◆ Source data
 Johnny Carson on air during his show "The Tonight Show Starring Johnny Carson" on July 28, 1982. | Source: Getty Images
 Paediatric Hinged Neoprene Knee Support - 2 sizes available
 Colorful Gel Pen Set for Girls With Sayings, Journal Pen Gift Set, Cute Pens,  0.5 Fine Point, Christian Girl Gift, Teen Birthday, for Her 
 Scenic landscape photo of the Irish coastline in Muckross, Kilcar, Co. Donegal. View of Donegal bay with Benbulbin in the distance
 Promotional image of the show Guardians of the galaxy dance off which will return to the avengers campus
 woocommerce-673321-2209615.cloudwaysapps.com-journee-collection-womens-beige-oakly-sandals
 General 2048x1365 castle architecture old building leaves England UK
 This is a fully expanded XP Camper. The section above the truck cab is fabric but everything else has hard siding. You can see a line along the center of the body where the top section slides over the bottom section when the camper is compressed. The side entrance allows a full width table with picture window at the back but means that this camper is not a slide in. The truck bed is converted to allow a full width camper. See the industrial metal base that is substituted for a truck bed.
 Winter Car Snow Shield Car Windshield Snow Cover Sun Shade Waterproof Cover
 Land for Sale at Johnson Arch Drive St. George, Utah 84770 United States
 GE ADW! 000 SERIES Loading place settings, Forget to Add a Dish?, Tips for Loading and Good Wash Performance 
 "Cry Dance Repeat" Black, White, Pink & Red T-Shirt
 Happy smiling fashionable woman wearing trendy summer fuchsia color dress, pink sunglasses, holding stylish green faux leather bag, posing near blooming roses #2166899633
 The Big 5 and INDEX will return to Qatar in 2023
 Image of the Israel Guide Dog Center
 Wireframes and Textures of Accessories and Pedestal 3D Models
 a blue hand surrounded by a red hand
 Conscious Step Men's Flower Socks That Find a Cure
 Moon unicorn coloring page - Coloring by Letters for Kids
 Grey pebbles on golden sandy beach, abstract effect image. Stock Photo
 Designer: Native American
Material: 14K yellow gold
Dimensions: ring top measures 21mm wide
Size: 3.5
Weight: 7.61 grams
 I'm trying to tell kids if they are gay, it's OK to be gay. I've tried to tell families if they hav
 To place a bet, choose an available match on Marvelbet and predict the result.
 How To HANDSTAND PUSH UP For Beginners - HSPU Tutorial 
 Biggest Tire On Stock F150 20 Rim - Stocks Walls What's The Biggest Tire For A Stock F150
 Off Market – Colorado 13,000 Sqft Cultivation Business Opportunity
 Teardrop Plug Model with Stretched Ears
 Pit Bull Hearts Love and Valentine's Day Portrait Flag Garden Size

◆ Activity
You are asked to reproduce word for word the line containing "Image of the Israel Guide Dog Center" and every subsequent line through the end of the entries.

◆ Solution to this task
 Image of the Israel Guide Dog Center
 Wireframes and Textures of Accessories and Pedestal 3D Models
 a blue hand surrounded by a red hand
 Conscious Step Men's Flower Socks That Find a Cure
 Moon unicorn coloring page - Coloring by Letters for Kids
 Grey pebbles on golden sandy beach, abstract effect image. Stock Photo
 Designer: Native American
Material: 14K yellow gold
Dimensions: ring top measures 21mm wide
Size: 3.5
Weight: 7.61 grams
 I'm trying to tell kids if they are gay, it's OK to be gay. I've tried to tell families if they hav
 To place a bet, choose an available match on Marvelbet and predict the result.
 How To HANDSTAND PUSH UP For Beginners - HSPU Tutorial 
 Biggest Tire On Stock F150 20 Rim - Stocks Walls What's The Biggest Tire For A Stock F150
 Off Market – Colorado 13,000 Sqft Cultivation Business Opportunity
 Teardrop Plug Model with Stretched Ears
 Pit Bull Hearts Love and Valentine's Day Portrait Flag Garden Size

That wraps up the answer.